Jessica Hammer has put us in touch with Samantha Weaver (who has examined fake news through the lens of text-based games).

We have additionally gotten in touch with Greg Trefry of Gigantic Mechanic (he’s a game designer who has experience in designing transformational experiences for large crowds to play together, such as the Senate Immersion Module).

  • Finally, we’ve taken the goals and barriers that we’ve defined and are working on integrating them with a couple of new ideas we’ve brainstormed (both based on the blood cell concept that we pitched to our client last Friday), which we will have developed further by the end of today. We are now leaning away from the narrative-based game concepts we developed previously because of two main reasons:

First, our client preferred the idea of the blood cell game to our two narrative game concepts (mainly due to its potential for both surprises and social interaction).

Second, it would be a good idea for us to design an experience that either does not take an entire hour or allows players to join at any time, to come and go as they please; this is something neither of our narrative games addresses.

The team working on finalizing goals (both contextual and transformational).

On Thursday, we came up with goals based on Sabrina Culyba’s transformational framework. We also reached out to the designers at Gigantic Mechanic and are waiting to get some feedback on conducting big games.

The following day, our team was able to meet with our client and get some feedback on our new ideas, after which we were able to get a look at the room we will be presenting in during the Games for Change Festival.

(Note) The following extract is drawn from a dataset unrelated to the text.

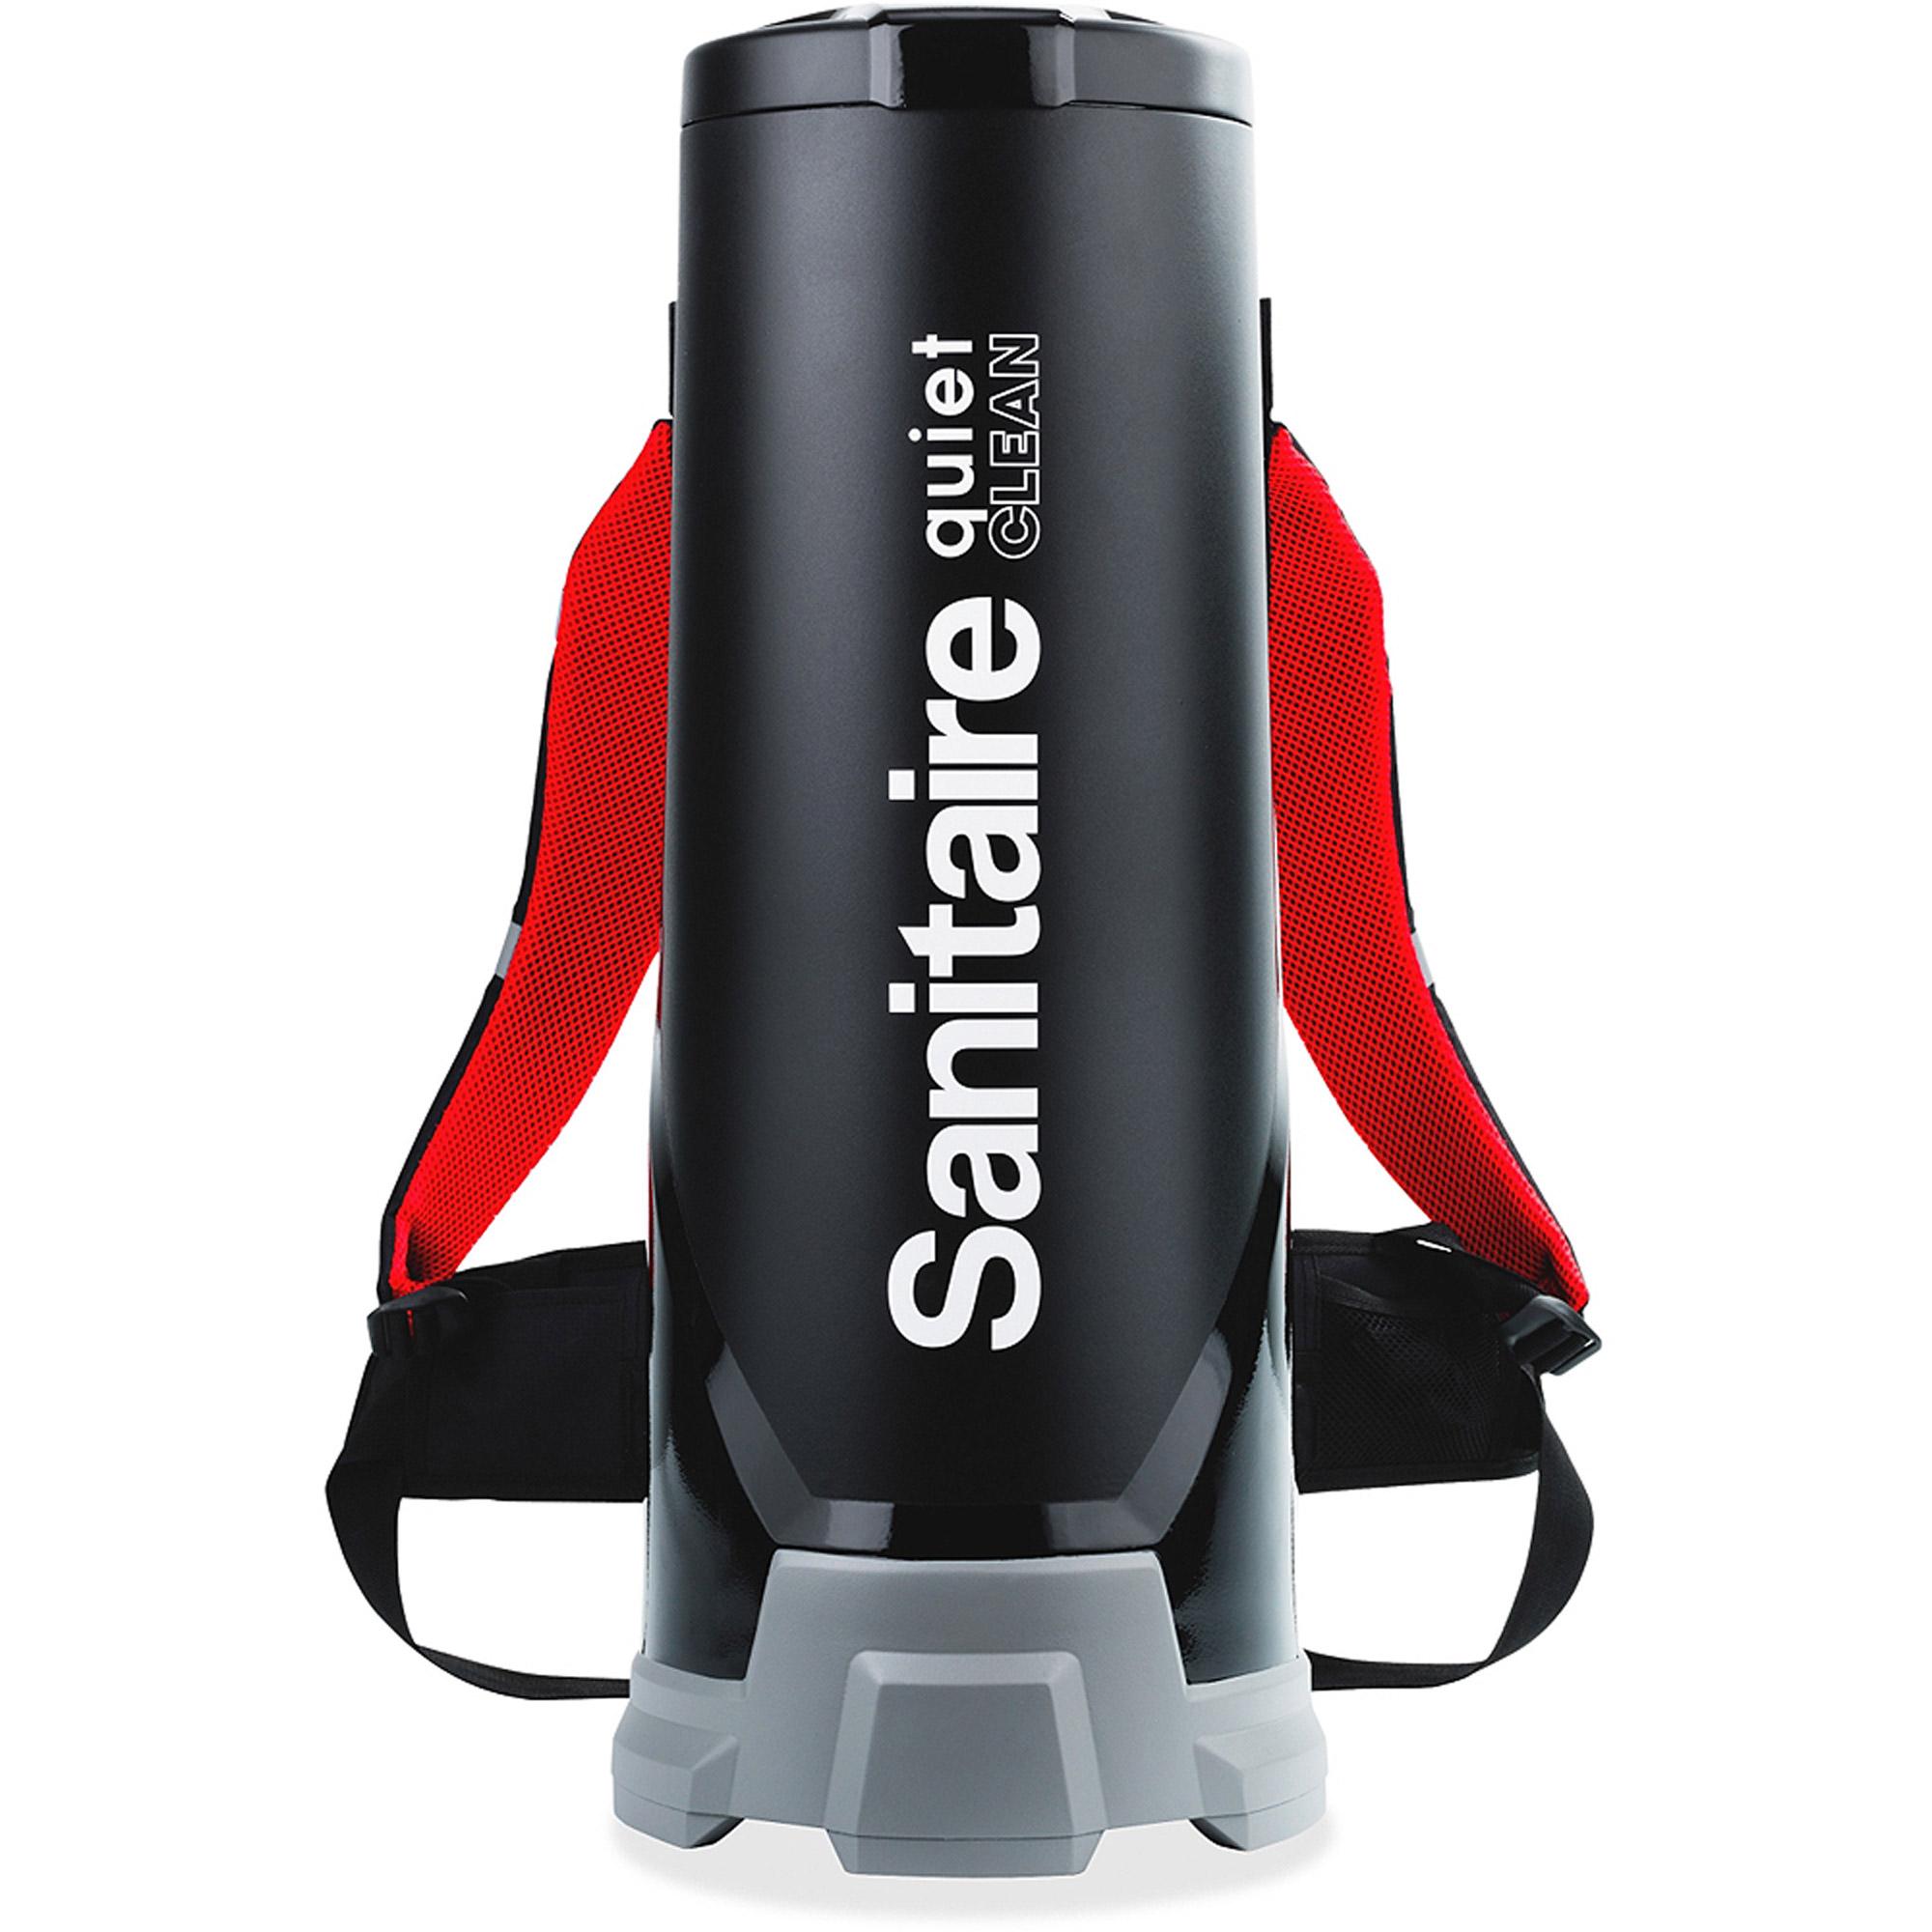 Sanitaire QuietClean Backpack Vacuum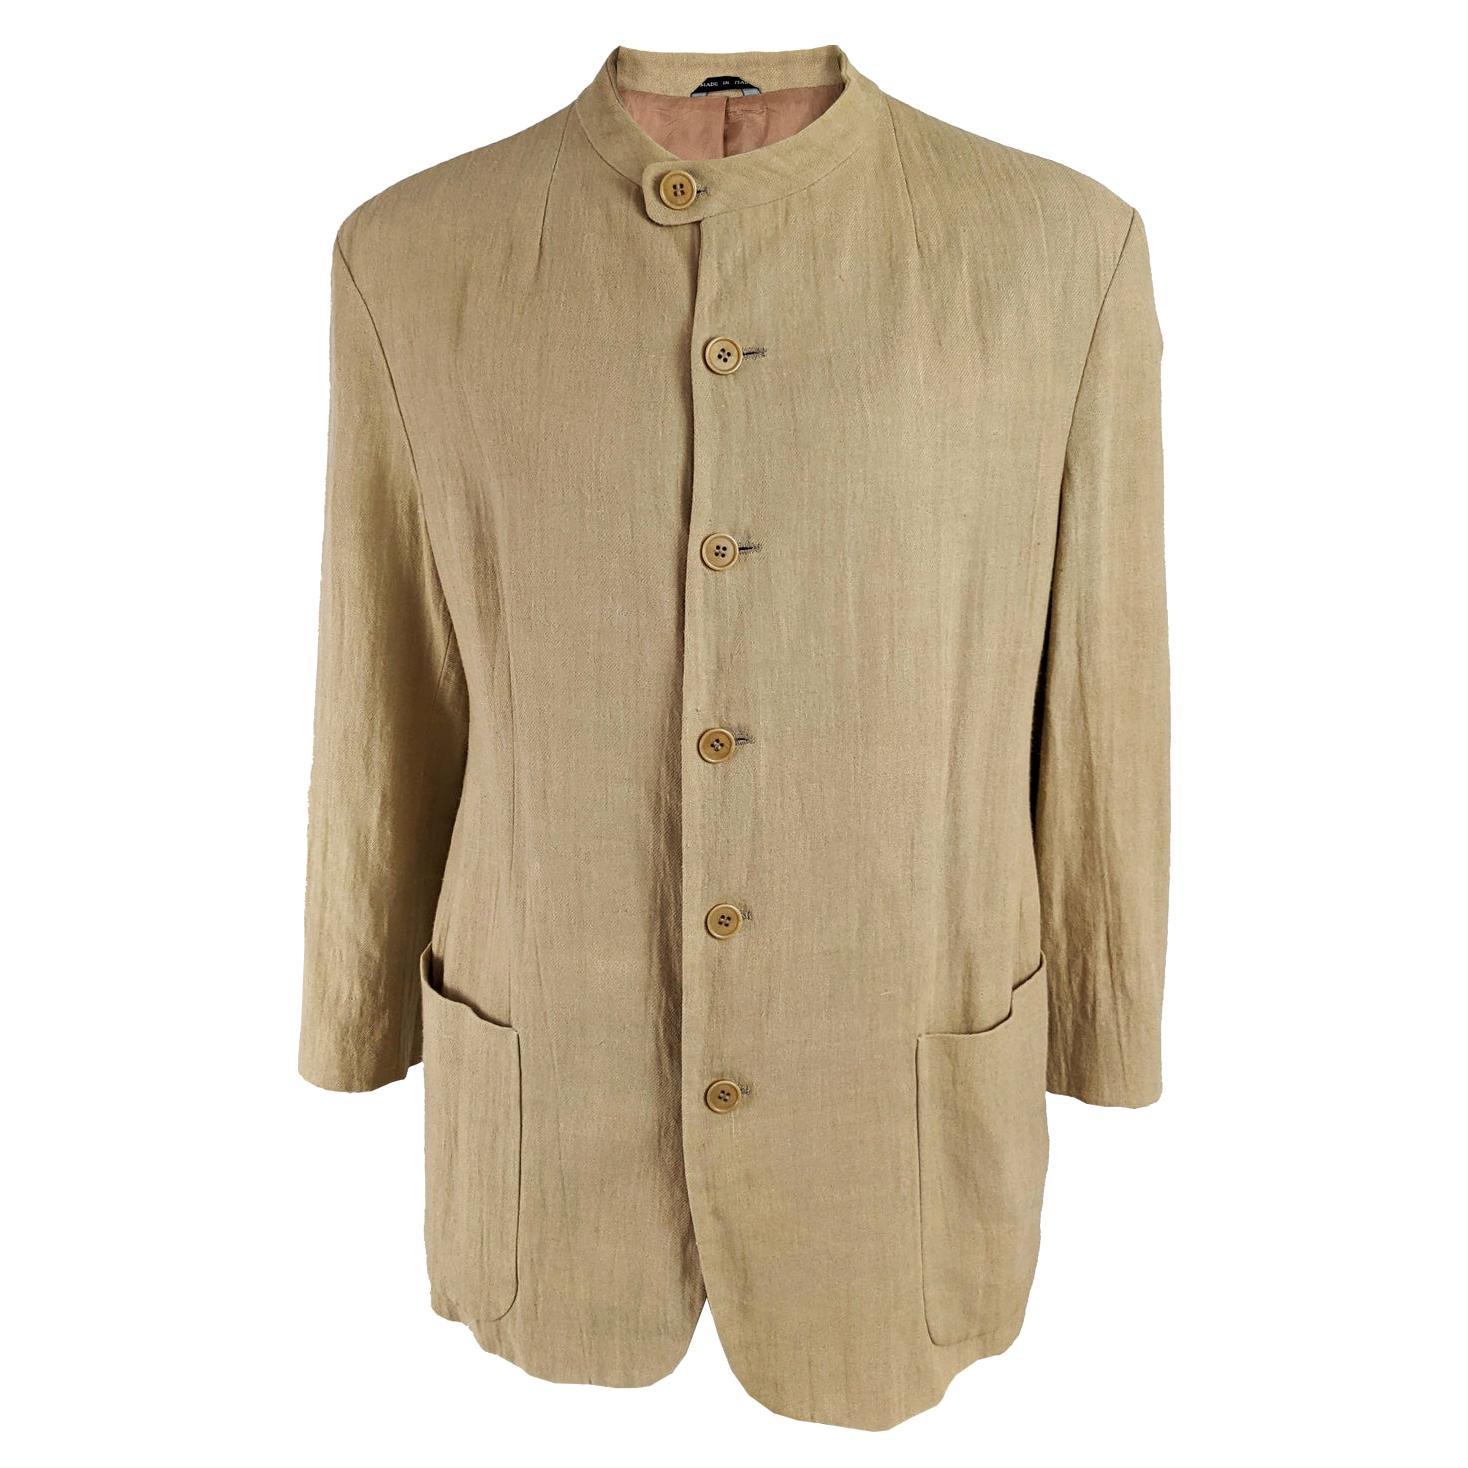 Armani Vintage Mens Collarless Minimalist Blazer Jacket, 1990s

We also met with our faculty advisors and got additional feedback concerning several problems that they noted during our quarters presentation:

They couldn’t make a connection between our current prototype and fake news.

The target audience and project goal was not clear for some faculty members.

The description for our project during the presentation was too detailed, and faculty members were confused about it.

Finally, during this meeting, both of our advisors pointed out an article that could prove to be very useful/inspiring for us as we move forward: https://mondaynote.com/when-fake-news-will-be-made-by-pros-396a1ce4d0bf.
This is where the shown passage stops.